Task directions:
Your reply should contain the whole listing below, repeated exactly, and no images.

Dataset extract:
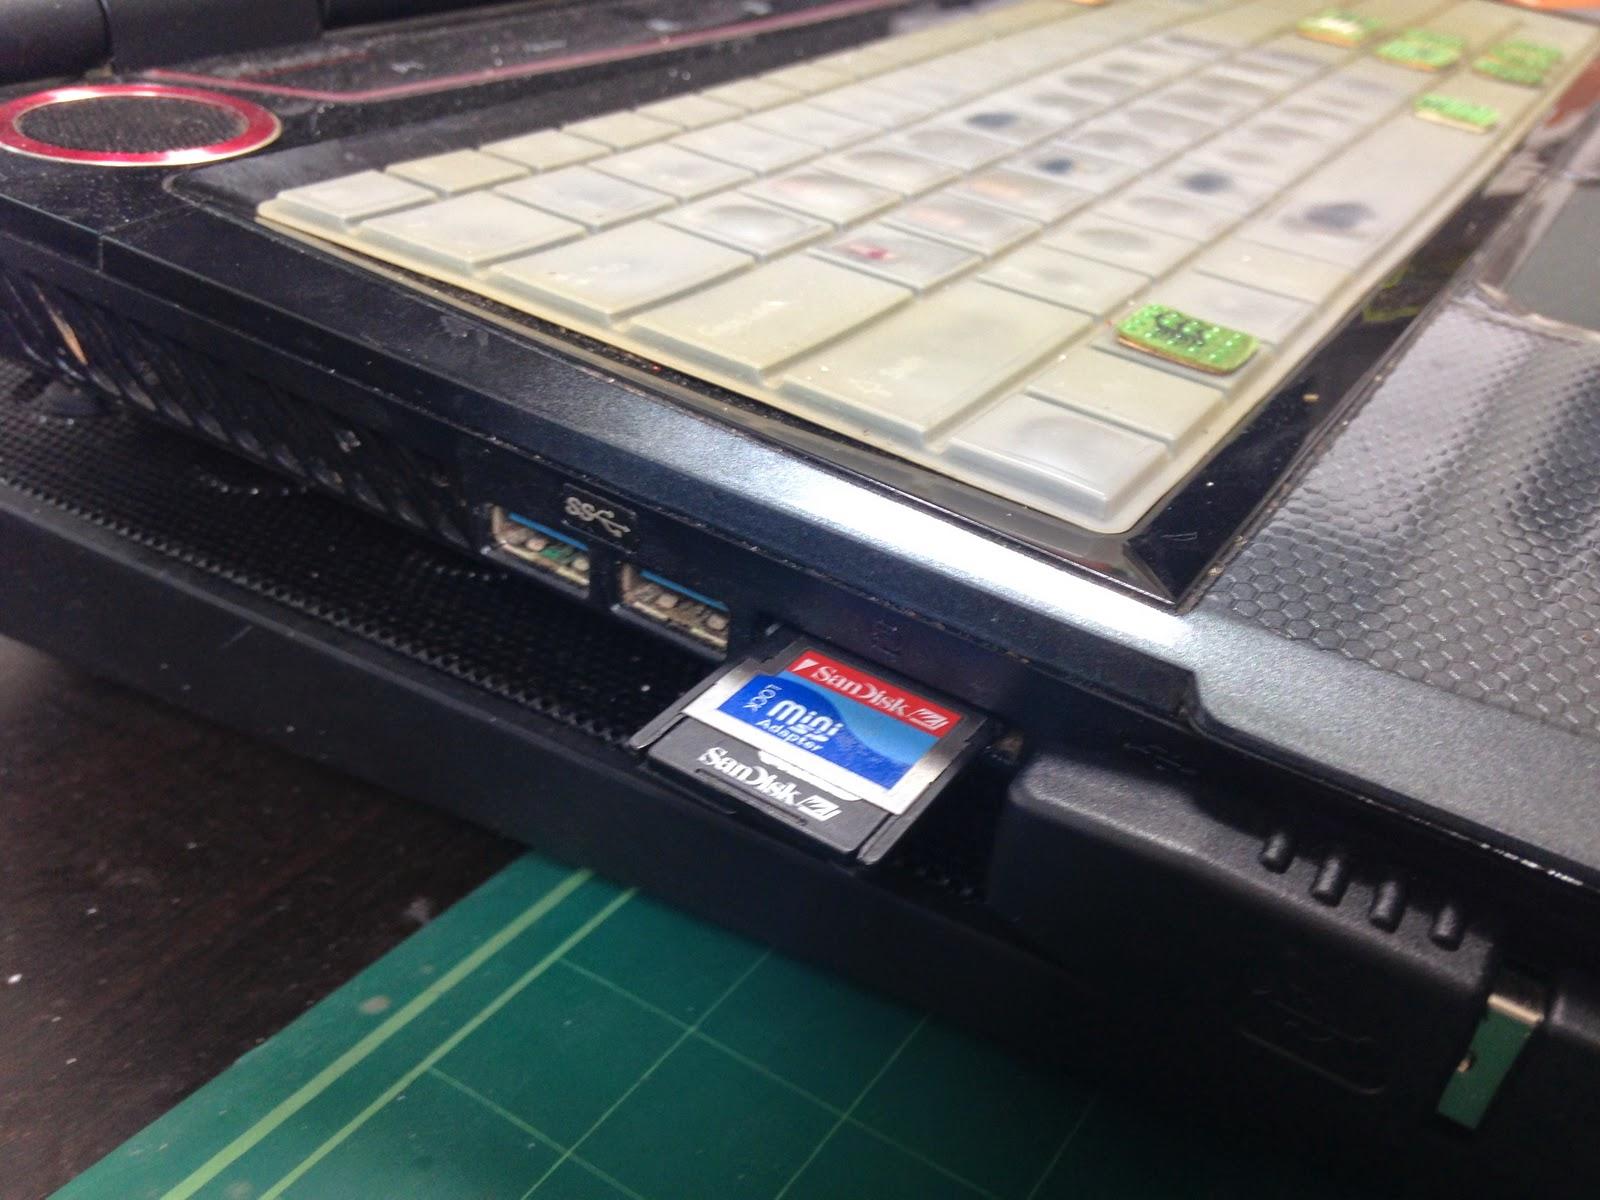 노트북에 내장된 sd-card 리더기
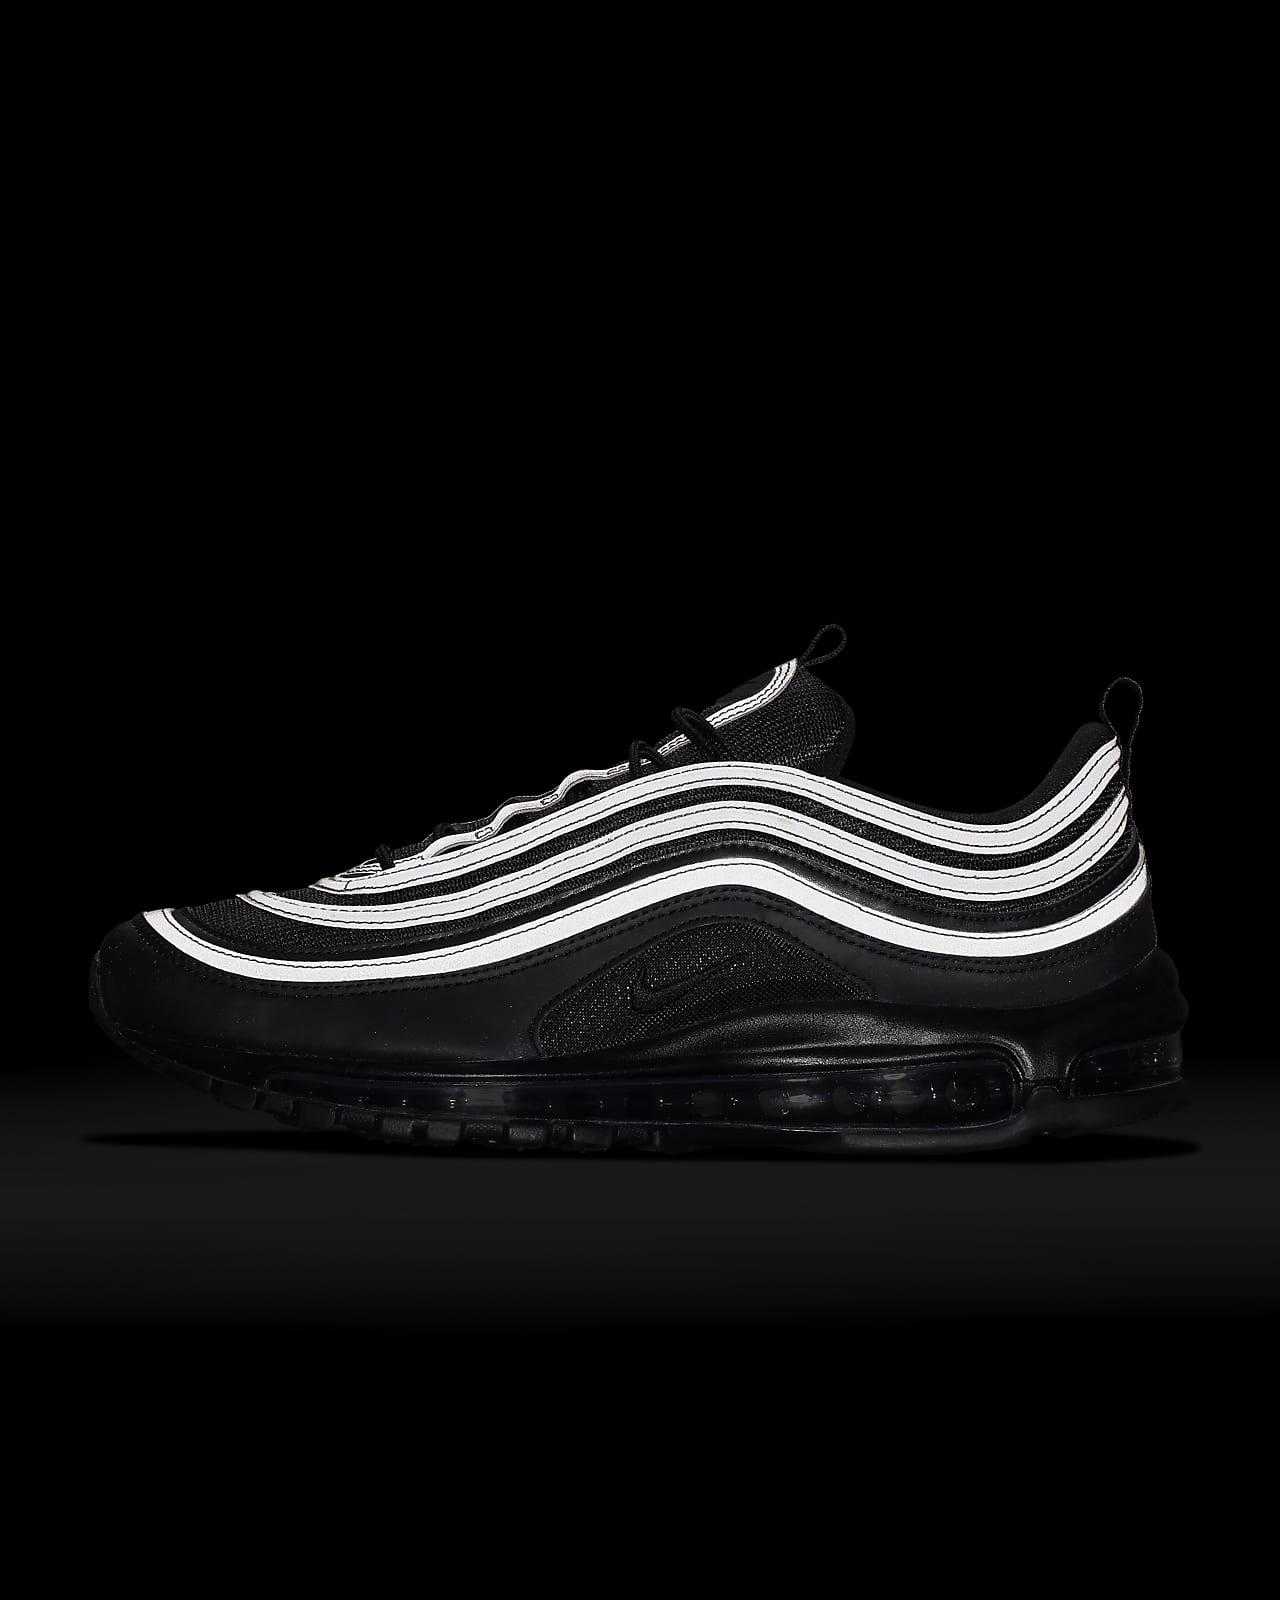 chaussure nike air max 97 blanche
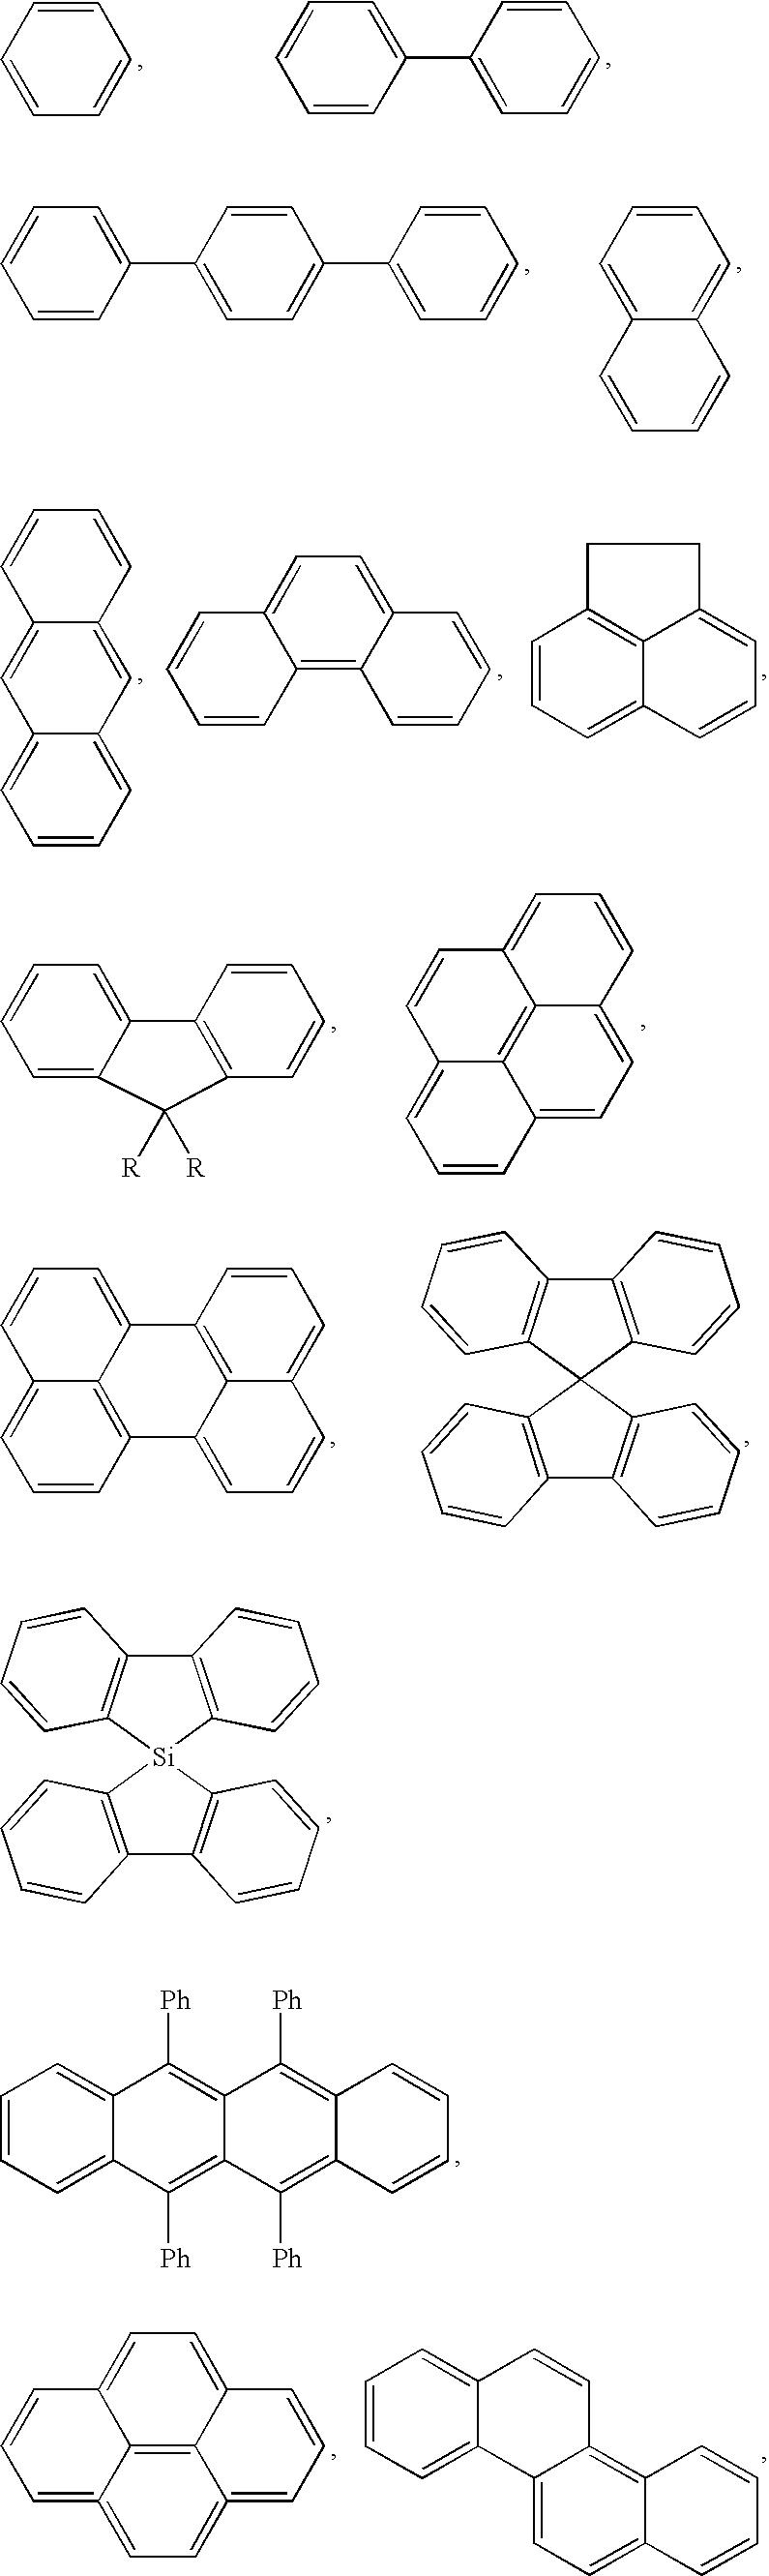 Figure US20070107835A1-20070517-C00006

Final answer:
 노트북에 내장된 sd-card 리더기
 chaussure nike air max 97 blanche
 Figure US20070107835A1-20070517-C00006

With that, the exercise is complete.